Части целого
Шрифт:
Мои враги приближались. От начала драки нас отделяли секунды — и, наверное, не намного больше от ее конца. Бежать было некуда. Они подступали, и я решился: я не приму бой. Не стану биться как мужчина. Стоять до конца, как воин. Знаю, людям нравится читать об изгоях вроде Терри Дина, кто силой духа компенсирует свое положение. Но их лупят почем зря. А я не хотел, чтобы меня лупили. И еще я вспомнил, что мне вдалбливал мой отец во время одного из уроков на кухне. Он говорил: «Гордость, Джаспер, первейшая вещь, от которой следует избавиться в жизни. Только тогда ты почувствуешь себя хорошо. А иначе это все равно что нацепить костюм на сморщенную морковку, взять в театр и делать вид, что это некто важный. Избавление от уважения к себе — первый шаг к освобождению. Понимаю, почему уважение кажется кое-кому таким уж необходимым. Если у человека нет ничего другого, ему остается гордость. Вот почему в ходу миф о якобы благородстве лихих бедняков — да у них пусты их кладовки! Ты меня слушаешь, Джаспер?

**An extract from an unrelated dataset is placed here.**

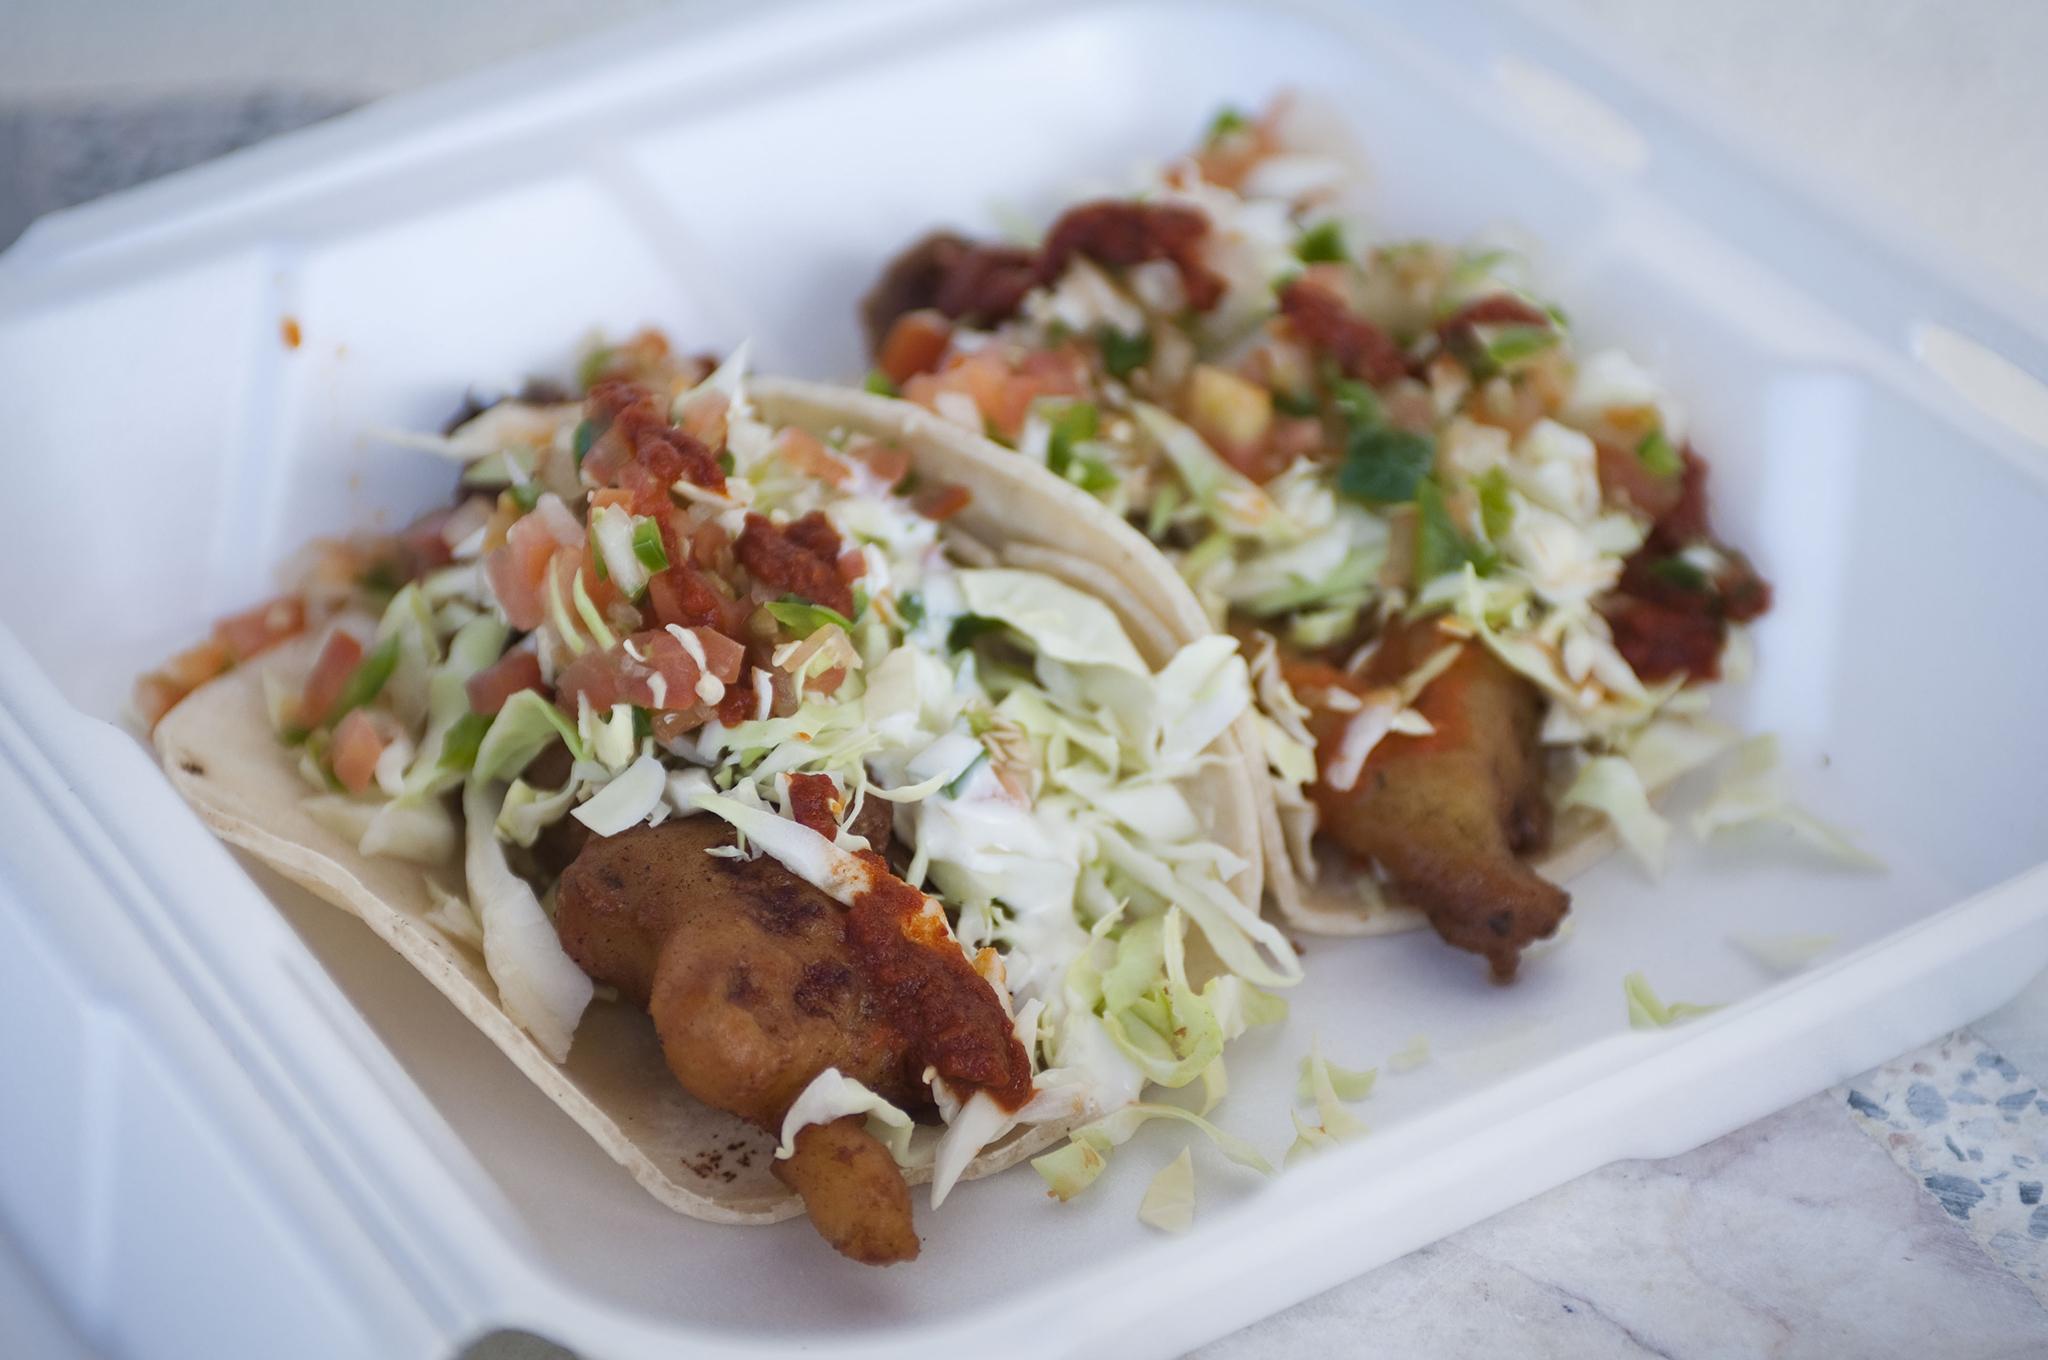 Fish tacos at Ricky's Fish Tacos
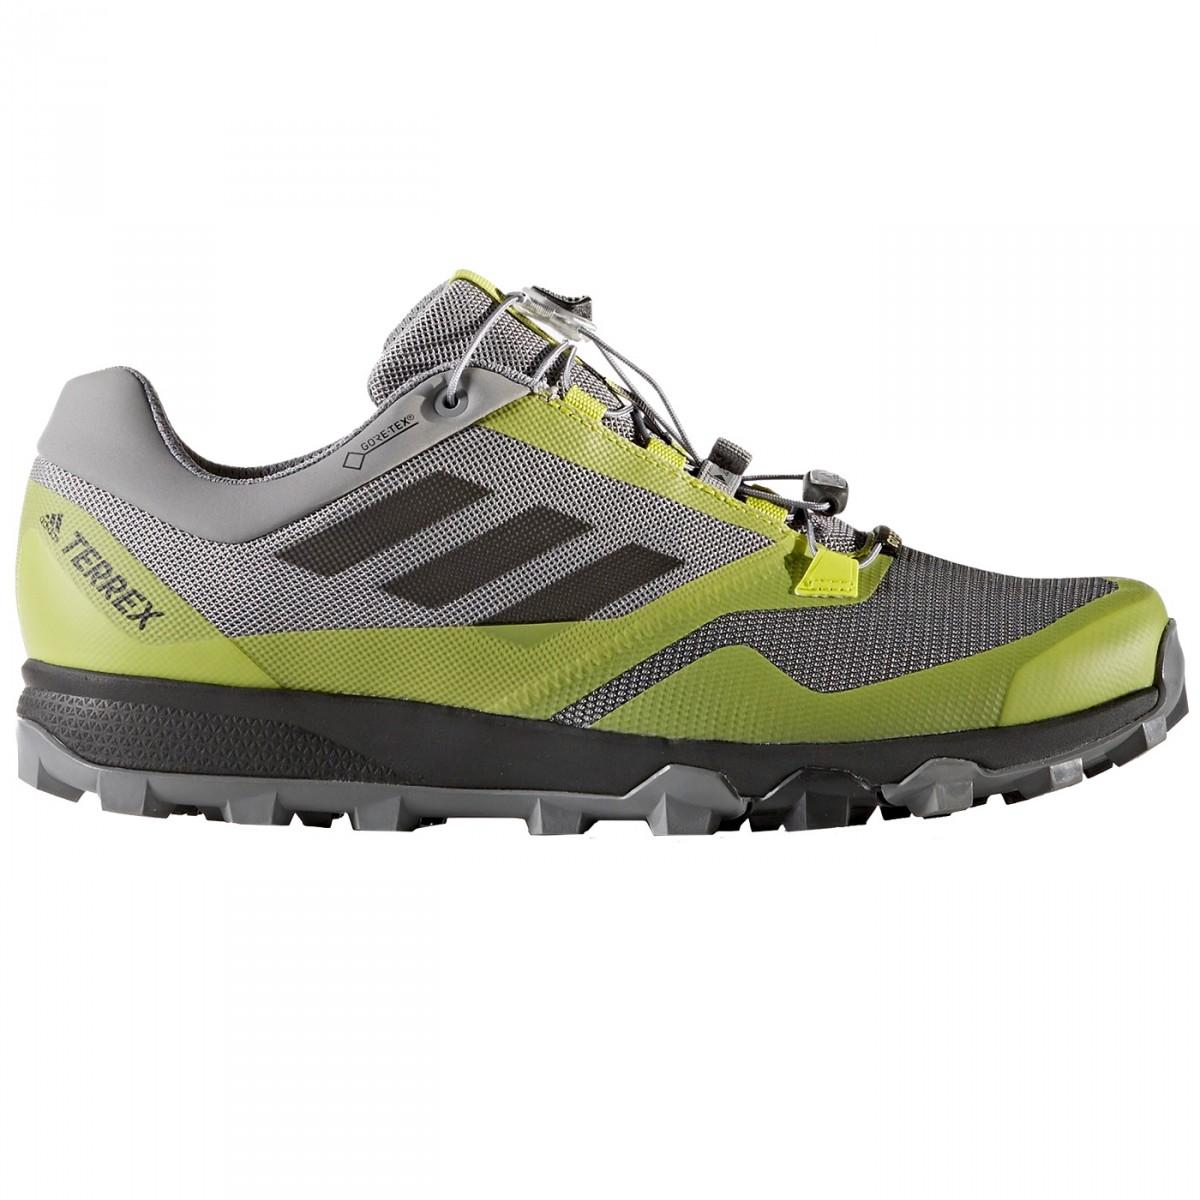 zapatillas treking de hombre adidas

Это серьезно. Я не хочу, чтобы ты имел что-нибудь общее с благородством или каким-то там самоуважением.
Я сел на землю и скрестил ноги. Даже не выпрямил спину — наоборот, сгорбился. Чтобы ударить меня в подбородок, им приходилось сгибаться вдвое. Один вообще припал на корточки. Они подходили по очереди. Старались поднять меня на ноги. Но я обмяк. Один из обидчиков ухватил меня, но я выскальзывал из их рук и снова плюхался наземь. Я страдал от ударов, кулаки дубасили меня по голове, но драки не получилось. В конце концов мой план удался: бить меня прекратили. Что со мной такое и почему я не отбиваюсь? Думаю, у меня слишком много сил уходило на то, чтобы не заплакать, — и совершенно не осталось на то, чтобы от кого-то еще отбиваться. Я ничего не ответил. На меня плюнули и оставили любоваться цветом собственной крови. На белой рубашке она казалась ярко-красной.
Вернувшись домой, я нашел в спальне отца — он стоял у моей кровати и испепелял взглядом газетные вырезки на стенах.
— Господи! Что с тобой? — спросил он.
— Не хочу об этом.
— Надо тебя отмыть.
— Нет. Мне интересно, что произойдете кровью, если оставить ее до завтра.
— Кровь иногда чернеет.
— Я хочу посмотреть.
Я уже готов был посдирать снимки дядюшки со стены, как отец сказал:
— Лучше бы тебе это снять. — После чего я, разумеется, оставил все на месте. — Он был не таким, — продолжал отец. — В героя его превратили.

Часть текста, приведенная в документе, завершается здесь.